◆ Work task
Pictures aside, every line of the listing should be given again exactly.

Source data below:

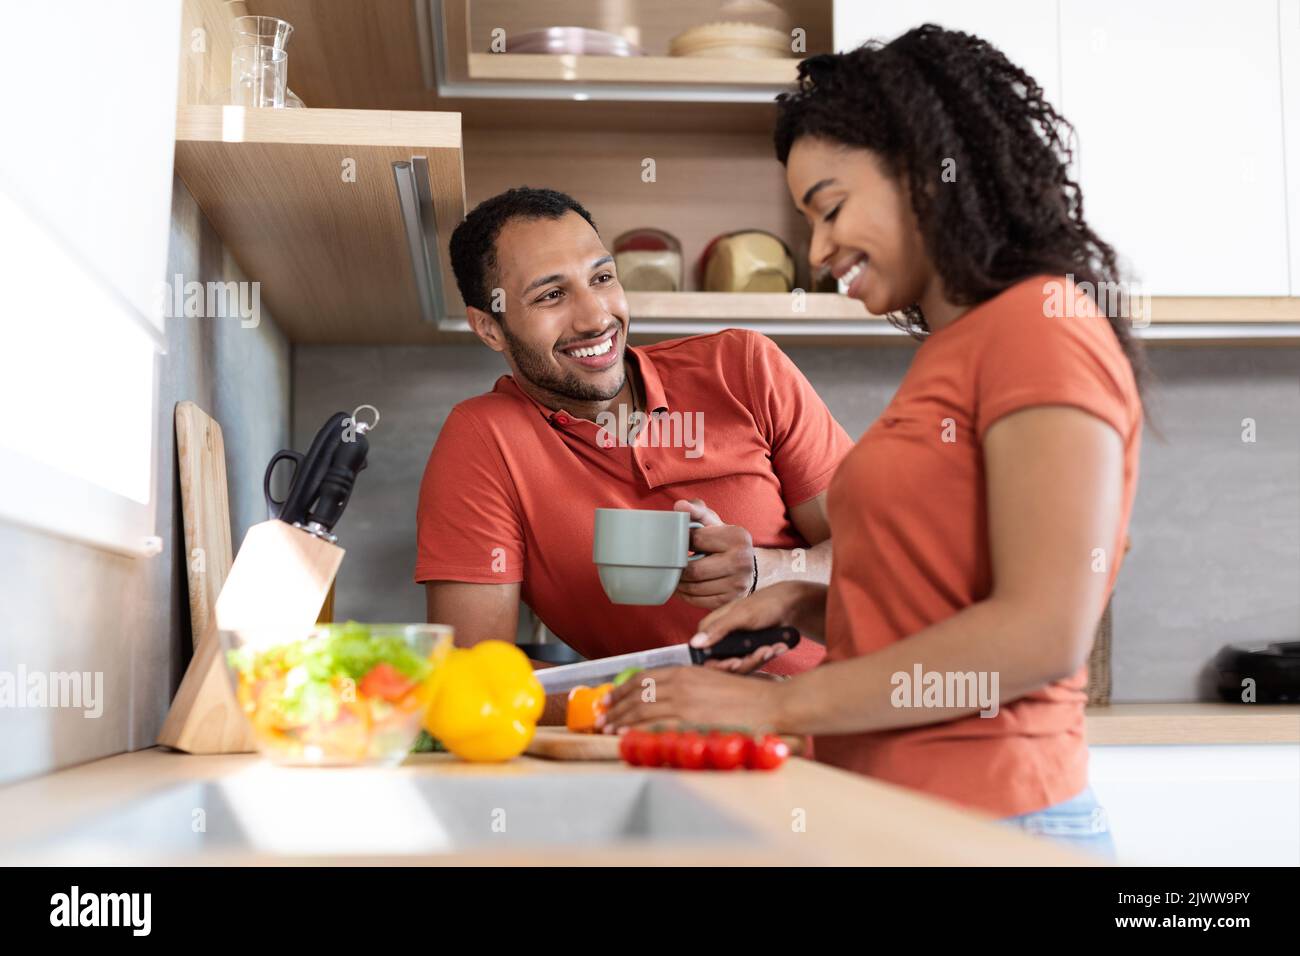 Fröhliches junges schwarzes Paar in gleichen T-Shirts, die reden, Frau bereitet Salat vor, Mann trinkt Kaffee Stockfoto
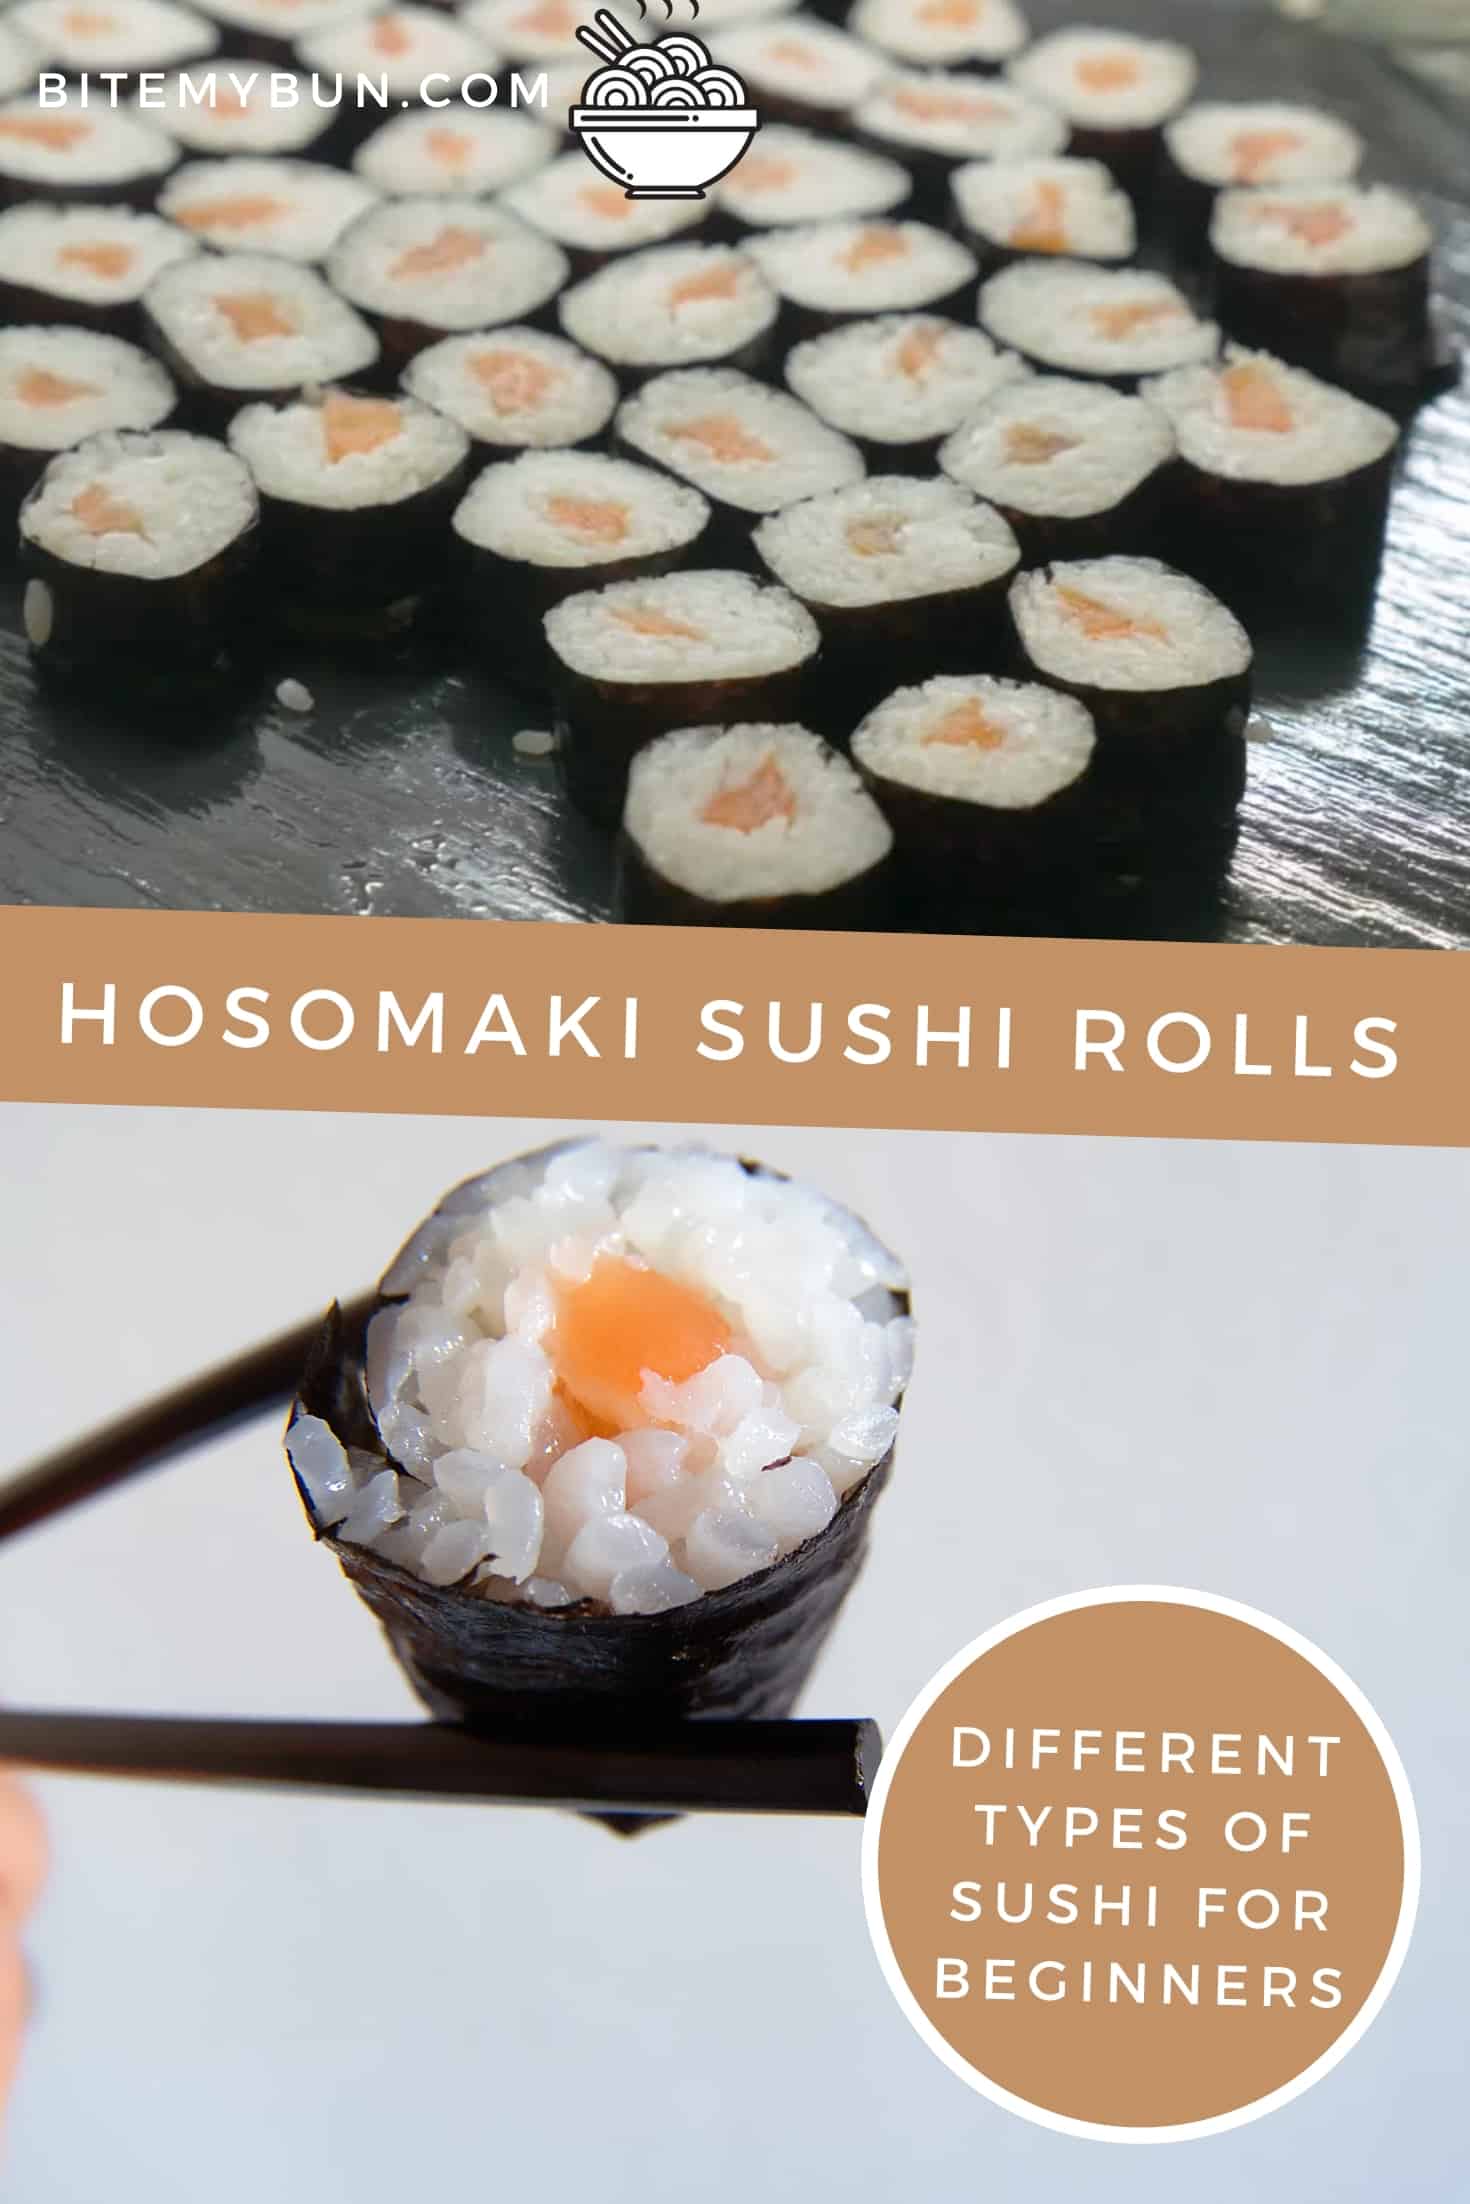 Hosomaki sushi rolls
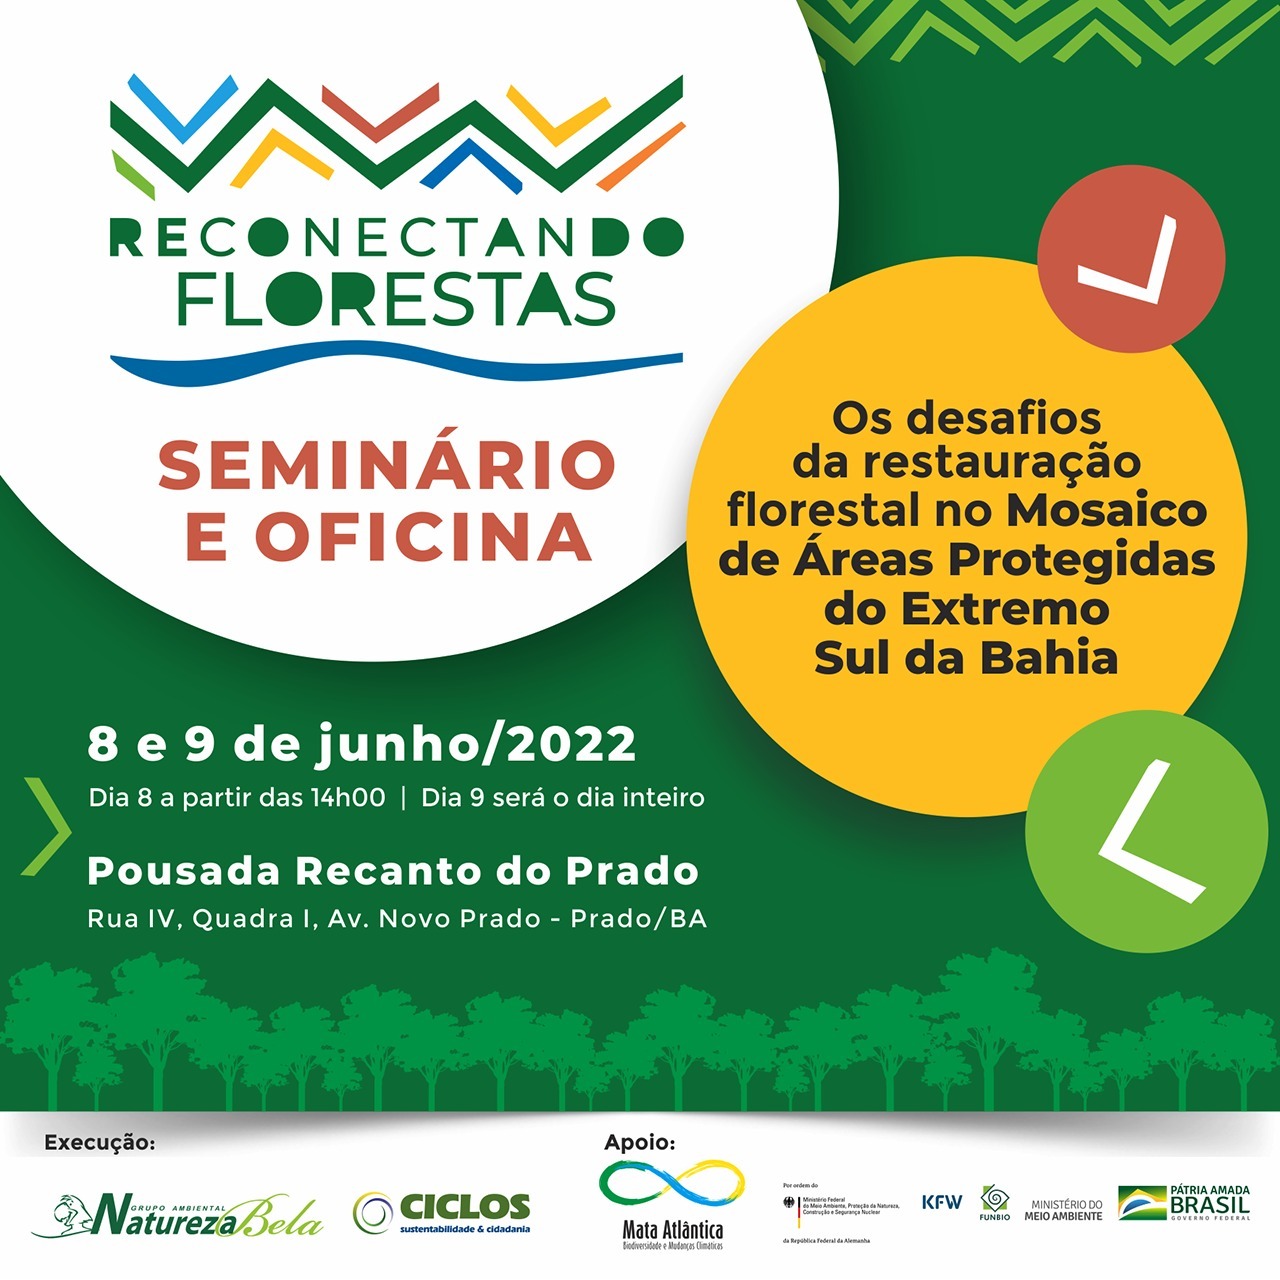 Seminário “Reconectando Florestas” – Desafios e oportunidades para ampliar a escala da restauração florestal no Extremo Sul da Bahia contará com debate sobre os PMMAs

End of Source data.

◆ Your response
 Fröhliches junges schwarzes Paar in gleichen T-Shirts, die reden, Frau bereitet Salat vor, Mann trinkt Kaffee Stockfoto
 Hosomaki sushi rolls
 Seminário “Reconectando Florestas” – Desafios e oportunidades para ampliar a escala da restauração florestal no Extremo Sul da Bahia contará com debate sobre os PMMAs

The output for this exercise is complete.